Cybercrime and HIPAA; are you at risk?

This is quite interesting and potentially may raise more questions than answers.  Let’s consider a couple of scenarios first:thief background

  1. Business provides healthcare insurance as a self-insured company.  This basically means that instead of buying a plan for its employees thru a broker or exchange the business has implemented a risk management plan where they become responsible for the financial risk for providing health care benefits to its employees.
  2. Business/school has a nurse or similar healthcare professional on site who handles minor on site accidents.
  3. Business conducts on site-drug testing.
  4. Business offers on site physicals to its employees.

Based on the above, consider the following questions?
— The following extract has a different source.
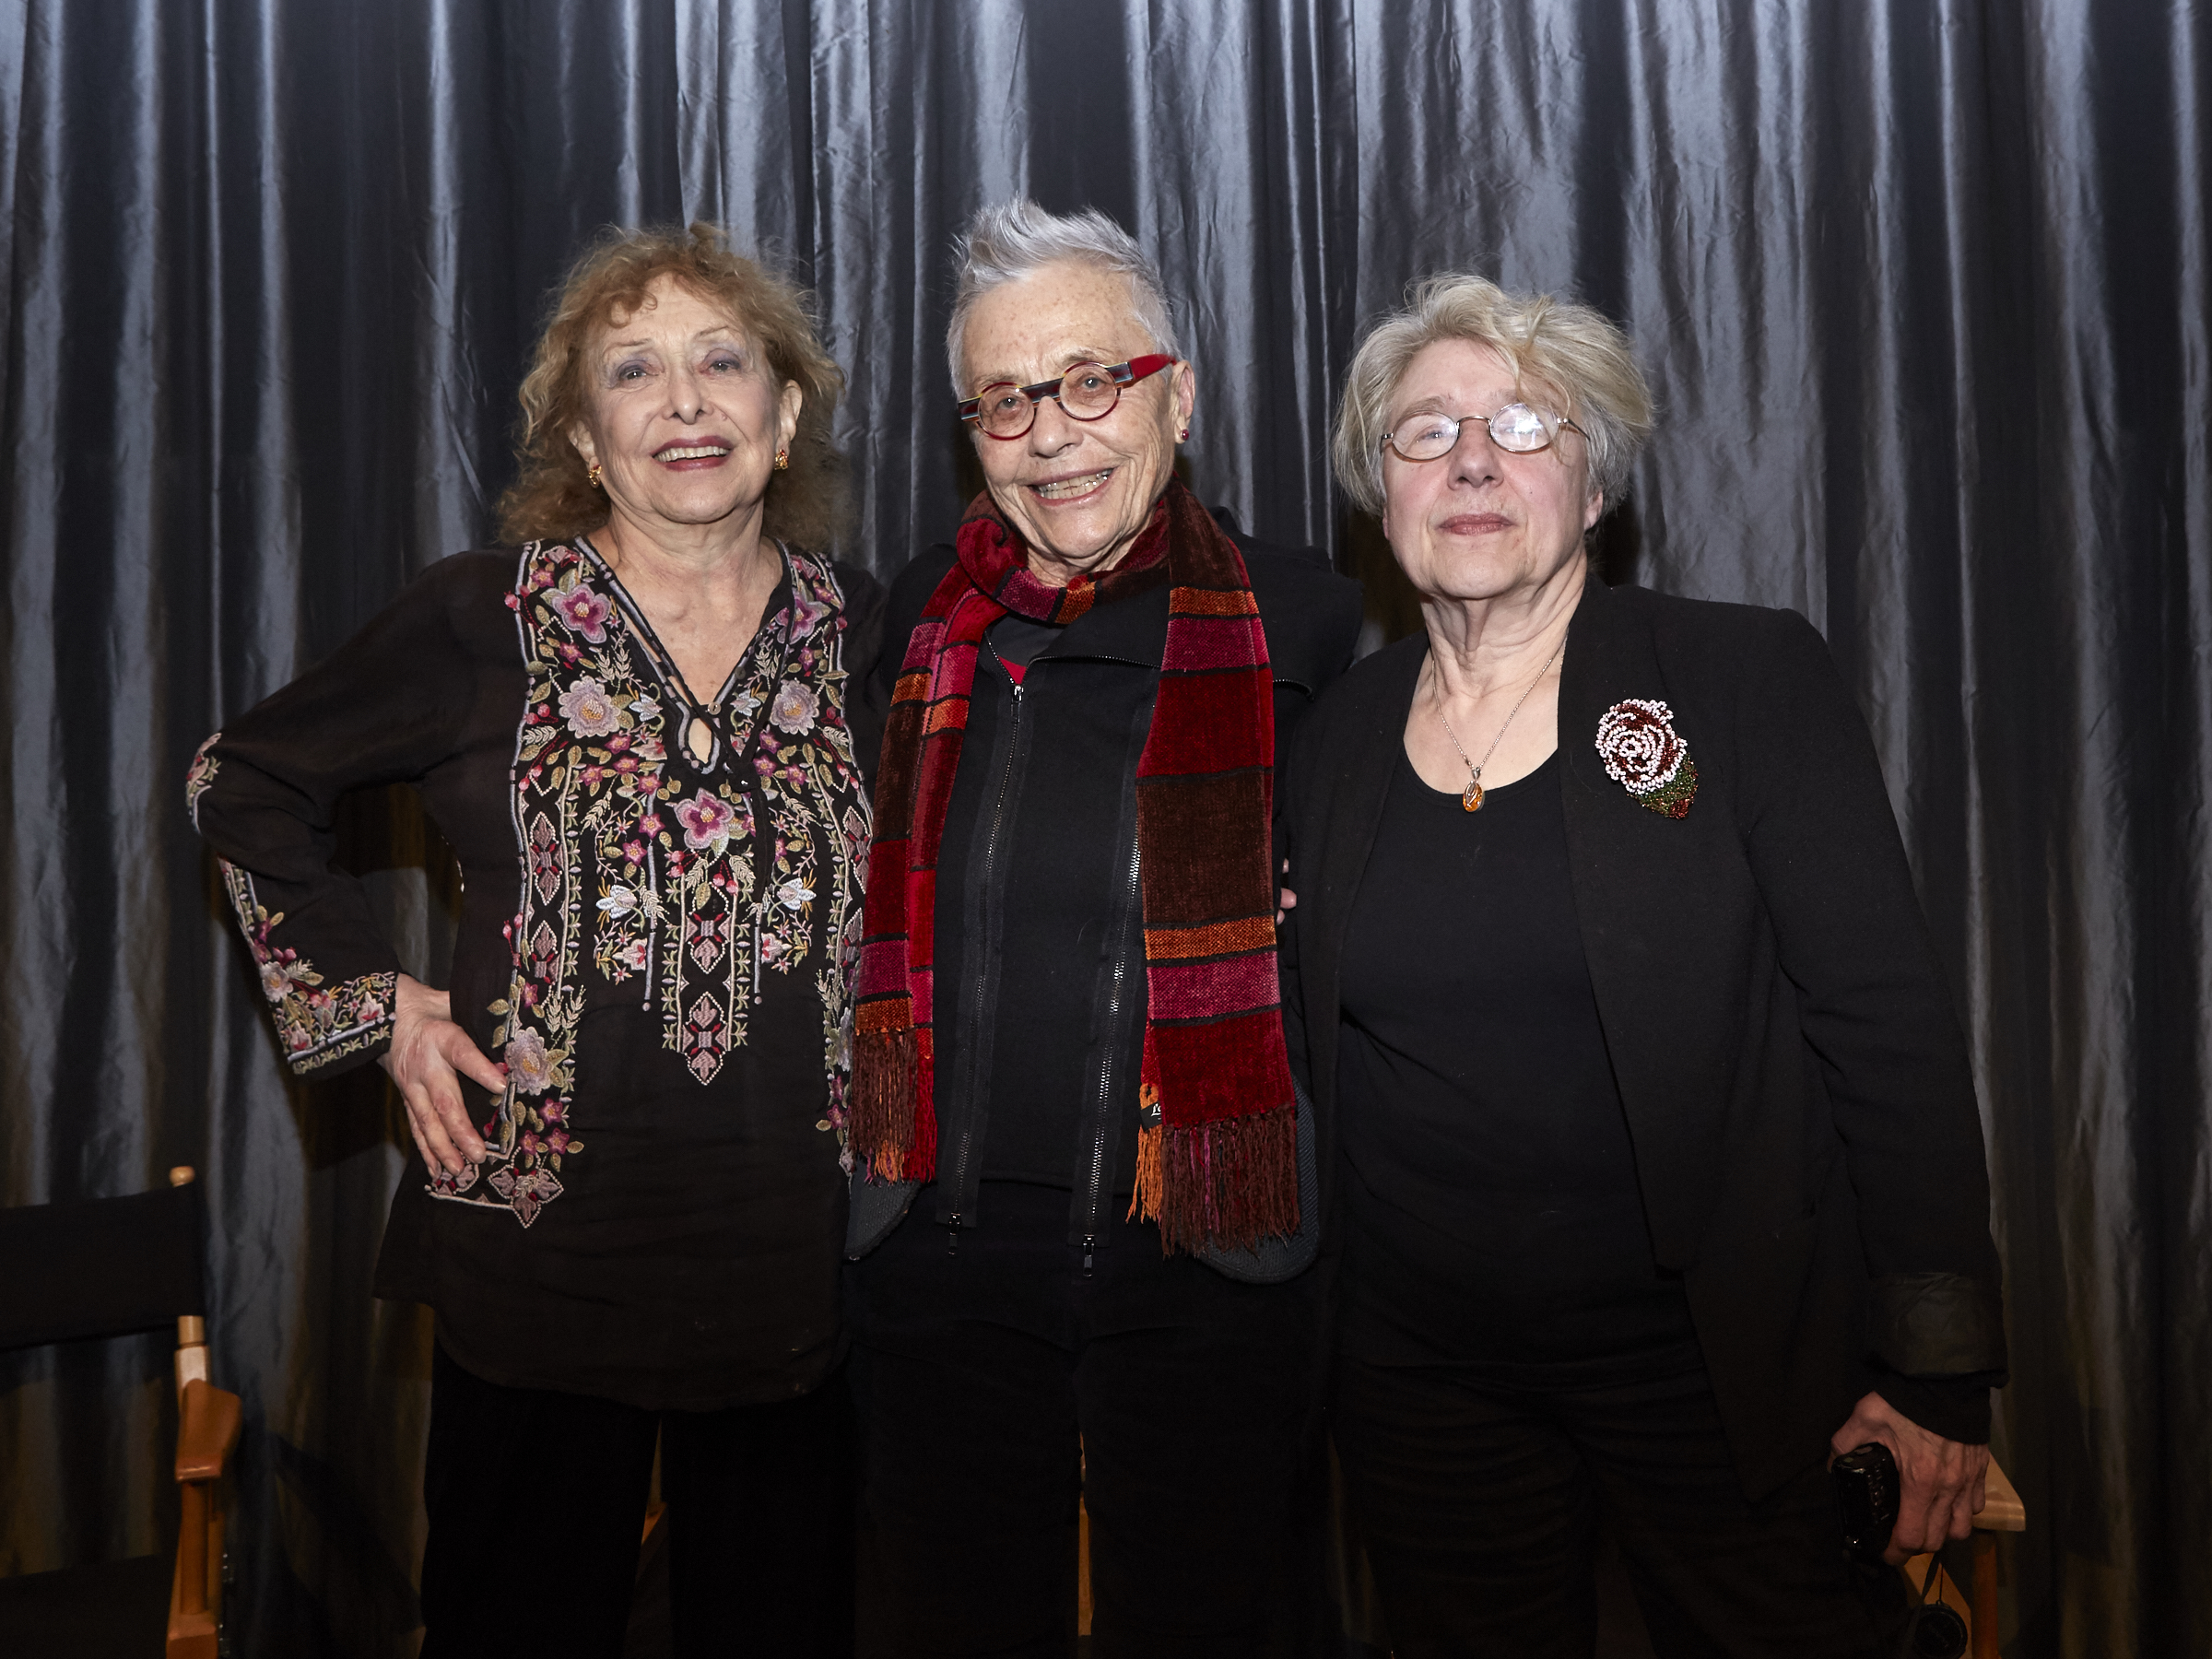  Carolee Scheenmann, Barbara Hammer, and Martha Rosler (Photo by Eric McNatt)

  1. How many of the above businesses are considered Covered Entities under the Health Insurance Portability Act (HIPAA) and therefore must comply with this law?
  2. How many of the above businesses have Patient Health Information (PHI) in their possession?
  3. Will having access to PHI makes a business a Covered Entity?
  4. In case of a breach, will the actions required be the same for all of them?

Based on HIPAA , the rules apply to Covered Entities and Business Associates.  However the name of Covered Entity only applies to health plans, health care clearinghouses, Business Associates and any health care provider who transmits health information in electronic form in connection with transactions for which the Health and Human Services (HHS) Secretary has implemented standards based on HIPAA. Let’s go a little deeper with the definitions and consider the basic categories mentioned above:

  • Provider.  Health care professional or entity, regardless of size, which electronically transmits health information in connection with certain transactions such as claims, eligibility inquiries and other electronic transactions, is a covered entity.
  • Health Plan.  Individual and group plans that provide or pay the cost of medical care are covered entities.
  • Health Care Clearinghouse.  Entities that process information from another entity and changes the same into a format that the receiving entity can process.
  • Business Associate.  Person or entity that is not an employee of Covered Entity but that the same receives access to PHI from the Covered to perform a function or activity in behalf if such Covered Entity.
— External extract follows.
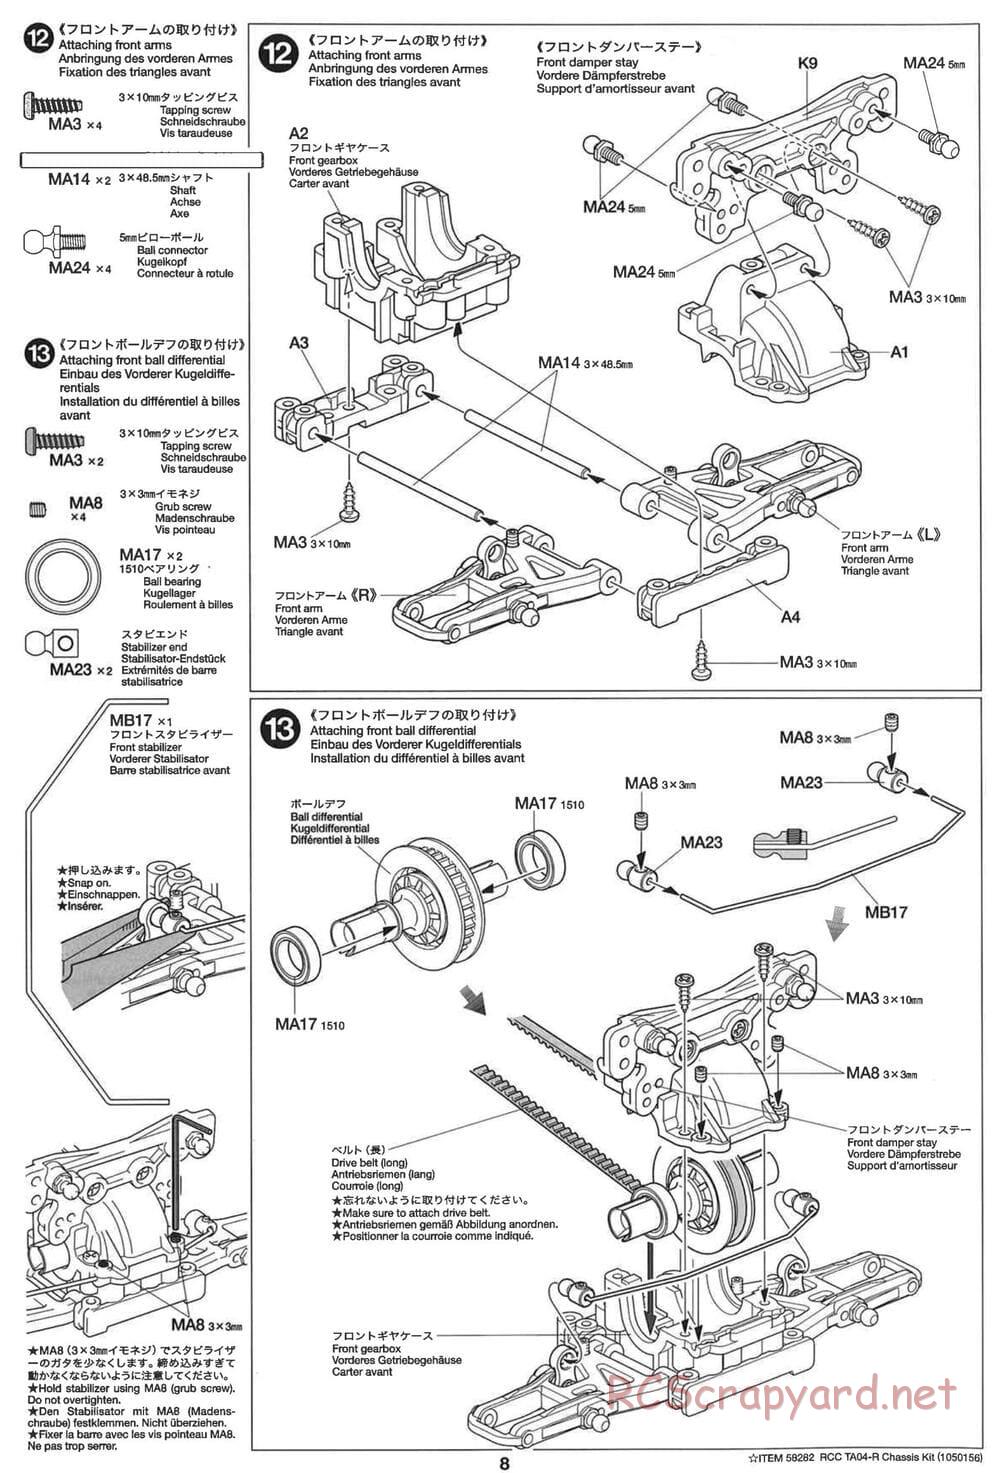 Tamiya - TA-04R Chassis - Manual - Page 8

Sounds simple but consider the following, when Sony Pictures files were illegally accessed (hacked), the people doing so had access to employees records.  Chances are that some of these records contained health information.  Could some of this information fall under the PHI category?  Was this illegal access a HIPAA Security Breach? I actually have the answers to these questions but this time I decided to make it interesting and open the article for comments.  However for those readers that are not interested in the details I have the following recommendations:

  1. Keep health information separated from regular personnel records;
  2. Encrypt all electronic information;
  3. Keep antivirus and firewalls up to date;
  4. Consider the implementation of a Security Management Plan;
  5. Consider cyber liability and legal liability products.

Reality of life is that breaches are going to be a fact of life with the proliferation of technology and the reliance of software and hardware of our culture.  Also, the number of cyber criminals and activities in 2015 are expected to surpass that of previous years. So the remaining question is; what are you going to do about it?